When rushing to leave Washington, where Rich and I live, I'd grabbed a book of Persian poetry off my shelf called The Conference of the Birds by the twelfth-century mystical poet Farid ud-din Attar. In it the birds of earth are invited on a dangerous journey to find the Golden Bird, the Simurgh, the Creator. One by one, various birds offer their excuses for not undertaking the quest, each giving a reason why they must stay behind. Unlike those birds, Frankie wants to fly free, yet she is still tied to earth.

The night is a difficult one. Frankie's body continues to shut down rapidly. Her organs are failing, one by one, and only her heart persists. At this point, she cannot swallow fluids, not even her own saliva. Her breathing stops and she holds it as if catching on to a drifting thought, then struggles and fights back into life. She moans in pain as she tries again to leave but can't.

Bob. She's fighting to take care of him, even in death.

The night nurse comes to wash her down, to turn her as blood is now settling in dark pools on one side of her body. Her heart is too tired to push it far. The nurse asks us to stay. Frankie may pass at any moment.

Frankie is naked. Her articulated hip bones almost poke through her skin. This frail body gave birth to the full-grown man beside me. It hardly seems possible.

I am faint, the room is spinning, and I am fighting the urge to retch. Such skeletal bodies I've only seen in photographs of concentration camps, and the images swim in front of me. My face trickles with chill sweat and I have to sit.

Rich looks at me, concerned. "It's okay," I say. "Stay where you are. I just need some air." Bob slumps over the bed. His heart is breaking and what he must do next may break the rest of him. This is the most difficult thing he must do in life.

"Frankie, Frankie," he says and takes her hand.

She doesn't move.

"It's okay to leave without me," he finally says.

There's no sign she has heard and he rests his head on her lap and begins to cry. But Frankie fights through the night and sleeps into early morning. She is now peaceful and calm.

Bob is walking the halls. Rich and I sit on either side of the bed, one of her hands in each of ours. I sing Brahms's lullaby to her, one of the few songs I know all the way through, and she squeezes my finger.

Sing another one, Rich urges. The only song that comes to mind in this sleep-starved state is a childhood favorite: "Mares Eat Oats." Because it seems irreverent to sing this mirthful ditty when someone is dying, I rely on the meadowlarks on the CD for encouragement.

"Marezee-doats-and dozey-doates," I sing.

Frankie begins to stir. Her eyes are now wide open, but unfocused. As in birding, there's only a voice to guide her, and she settles on where my face is.

"Andliddlelamzeedivy," I continue, finding joy in the ridiculous words. Rich is not comfortable with foreign languages, but he joins in.

Frankie begins to laugh. A smile as wide as the Mississippi breaks across her face, and for a moment she joins in with a few grunts.

Her face is angelic.

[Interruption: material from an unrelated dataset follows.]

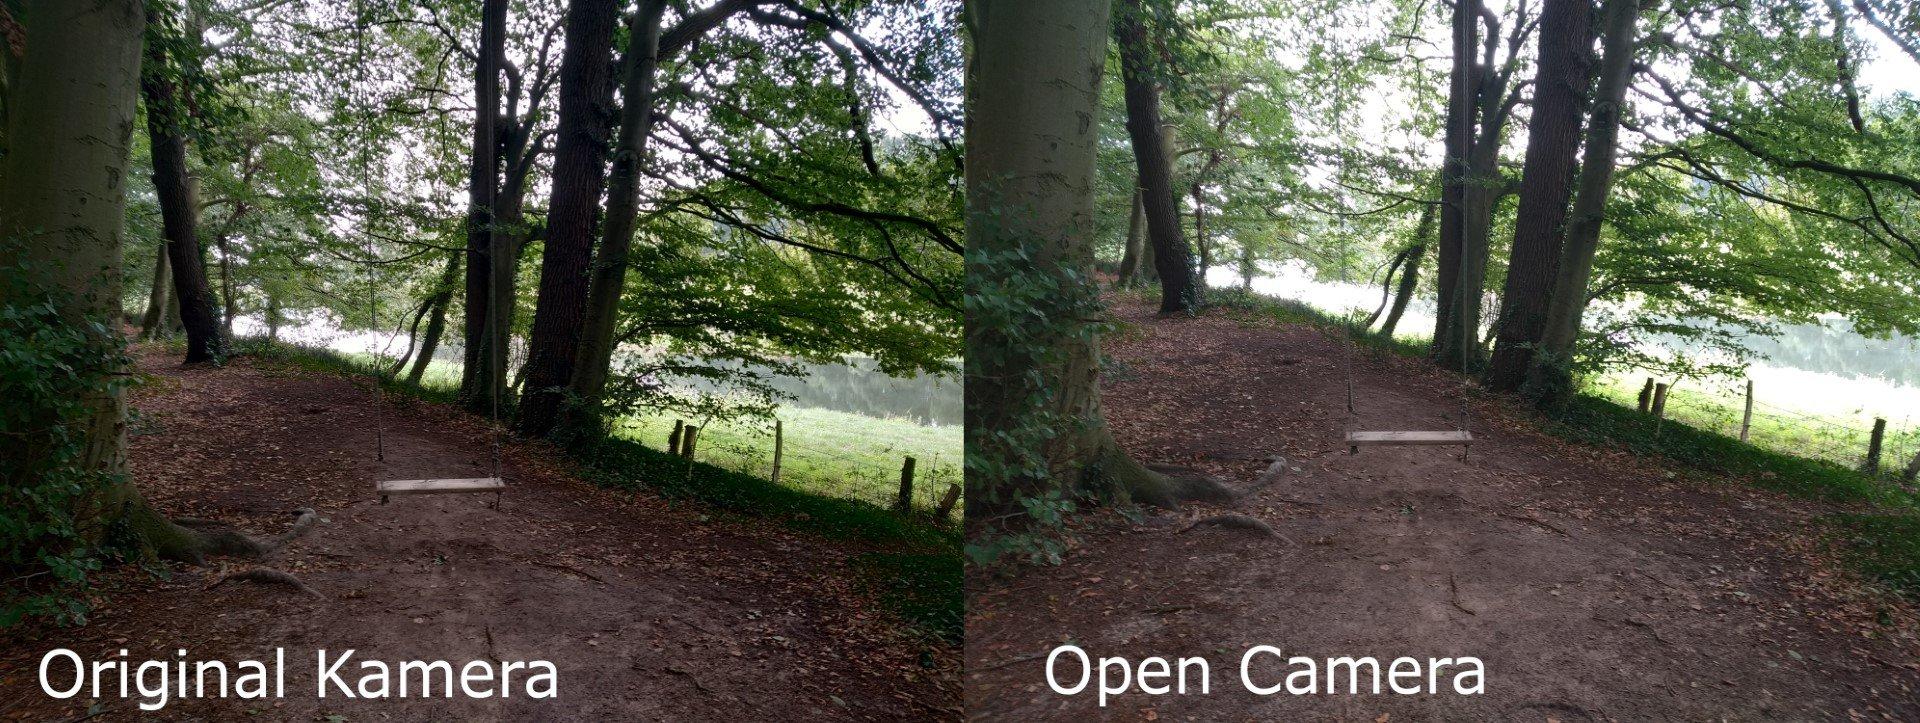 Original vs OpenCamera

Clear. Almost glowing.

She is filled with grace and peace.

For the next few hours she is back with us. Alert, unseeing and unmoving but for her smile and an occasional finger, which respond to conversation and stories. With the remainder of that last sense, she listens to us sing. And we sing so she can hear us.

Bob and I walk the hall, catching some light and cool air in the atrium. A hummingbird darts among the tropical flowers. We return to the room. Rich is sitting quietly, holding Frankie's hand. Bob sits and drifts off inside himself. He is exhausted.

Rich motions to me.

Look, look, his eyes are saying as he nods toward Frankie. There is both awe and joy in them.

Look. It's happening. She is standing at the threshold, about to step over it.

Frankie's breath is shallow and disappears like hidden water underground. Minutes later it resurfaces, then disappears again. Her face is calm and peaceful.

We hold our breath so as to hear hers. It's like listening for birdsong.

The sound of migrating geese fills the room.

They are taking Frankie with them. And this time she leaves us. Breathless.